Kaley Kranert, left, Mattisen Thompson and Lilly Walsingham drove from Orlando for the taping. Kevin Brady Photo
By KEVIN BRADY
Curious and committed, hundreds stood shoulder to shoulder under spitting gray skies for a chance to go back in time.
More than 300 people turned out Nov. 2 for a taping of the AMC series Venice Beach Freak Show at the Museum of the American Carnival, 6992 Riverview Drive, Gibsonton. The show paid homage to the famous sideshow town, a winter home to thousands of carnival families.
“I am looking forward to seeing the people I see on the show in real life,” said Tiffany Alloway, who was among the first in line for the free tickets. “I am a waitress and I love to see how different people approach life.”
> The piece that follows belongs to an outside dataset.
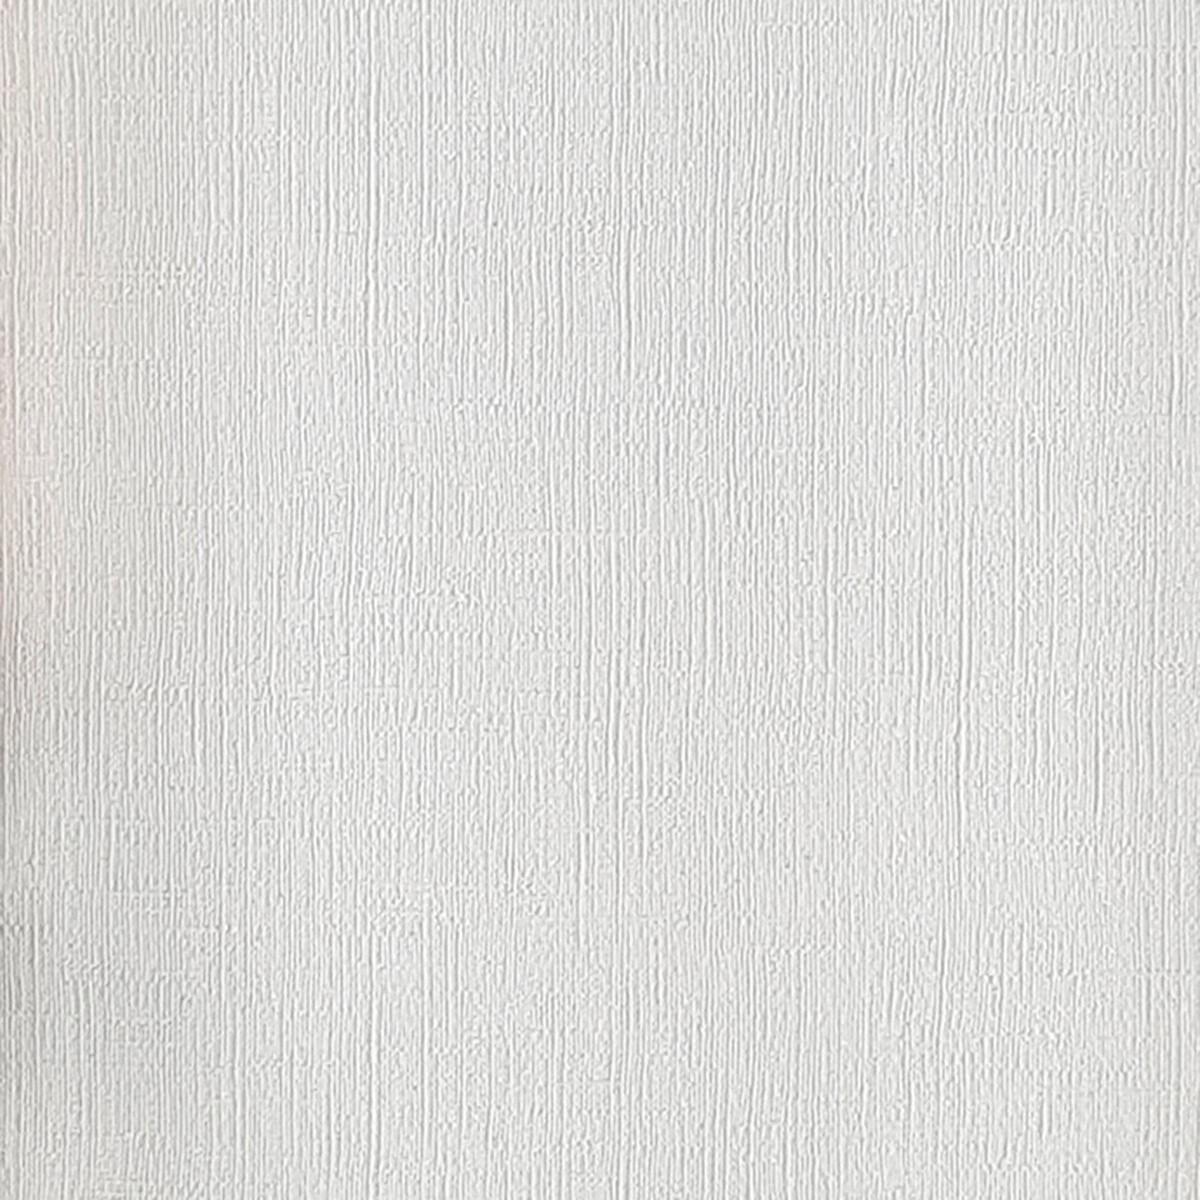 Обои флизелиновые G`Boya Fashion I белые 240488 1.06 м
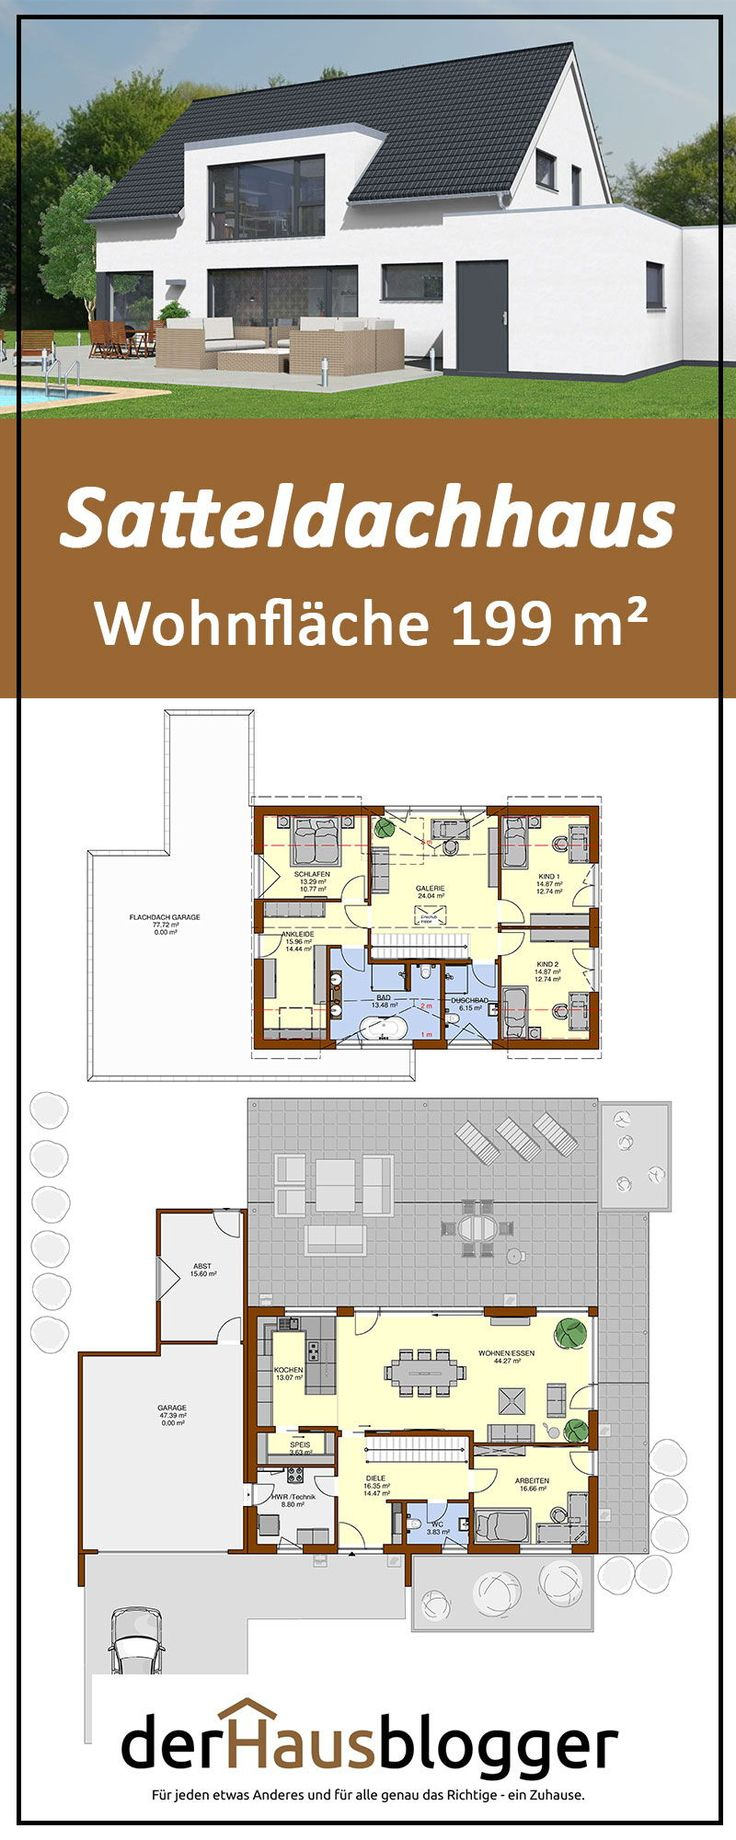 Satteldachhaus 199m²

The unscripted AMC drama centers on former music producer Todd Ray as he pursues his dream to own and operate his own Freakshow on the Venice Beach boardwalk in California.
“Some of the people on the show do have abnormalities but for others it’s something they do on the weekends,” said Alloway, a Miami native. “They live an ordinary day-to-day life but then on the weekends they are stabbing things through themselves. It’s a secret life for them.”
The Riverview taping included 12 acts from the show, including fire eaters, sword swallowers as well as “The Indestructable Woman.” The Riverview taping will eventually be broadcast on AMC.
The show is not just a voyeuristic freak fest, Alloway said. “They feature the tallest man in America (George Bell at 7 feet, 8 inches), but it’s about the issues he faces in his life on a daily basis and how he overcomes them.”
Mattisen Thompson, an acrobat with Orlando’s Cirque Adventure circus troupe, drove more than an hour with some friends for the taping.
“I really enjoy the circus and then I saw the show (Venice Beach Freak Show) and I really got sucked into it,” said Thompson, who follows several of the show’s performers via social media.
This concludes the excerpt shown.